#### YOUR ASSIGNMENT:
In the listing below, find the line with "28 Dubai gown" and the line with "Basketball Mom Women's Premium T-Shirt". Repeat those two lines and all lines between them exactly.

#### SUPPLIED ENTRIES:
>>>>>
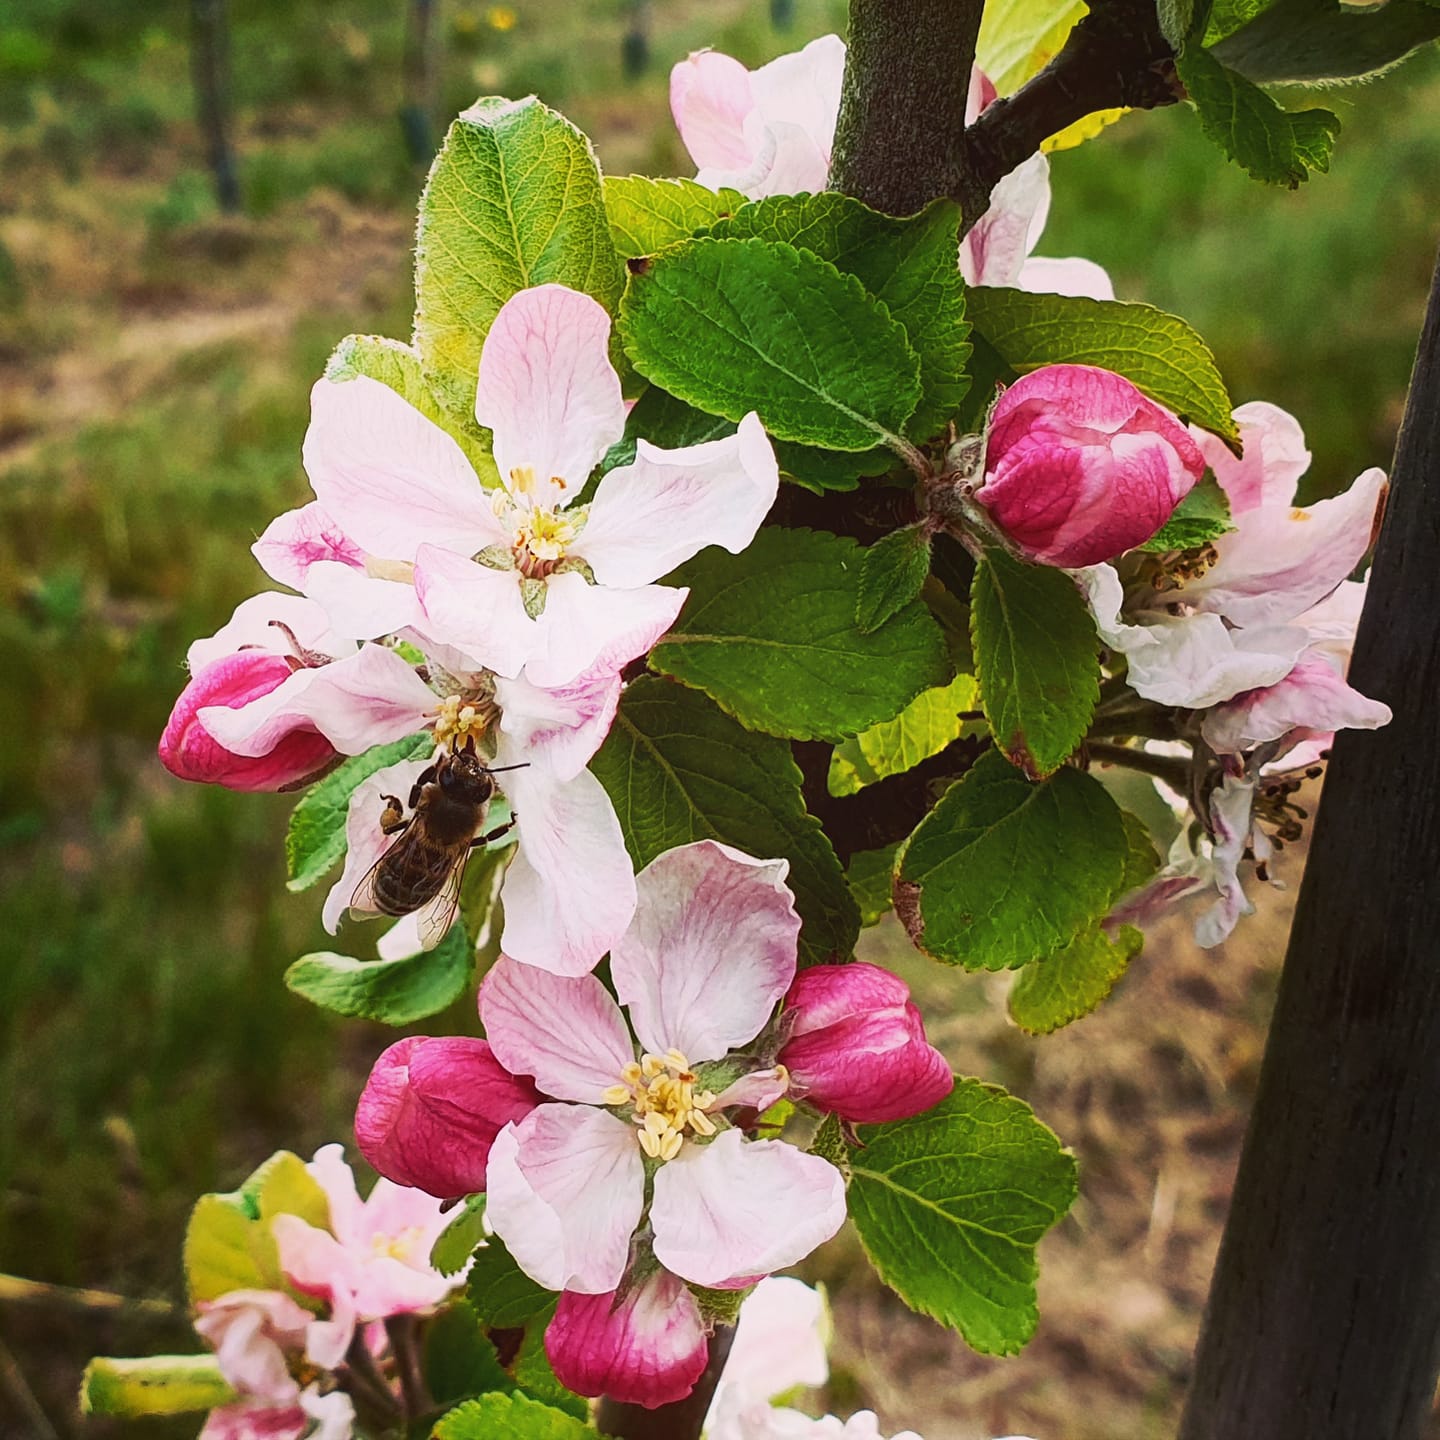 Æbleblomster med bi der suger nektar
<<<<<
>>>>>
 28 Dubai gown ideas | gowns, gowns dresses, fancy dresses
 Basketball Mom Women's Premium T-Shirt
<<<<<
#### SOLUTION BELOW:
 28 Dubai gown ideas | gowns, gowns dresses, fancy dresses
 Basketball Mom Women's Premium T-Shirt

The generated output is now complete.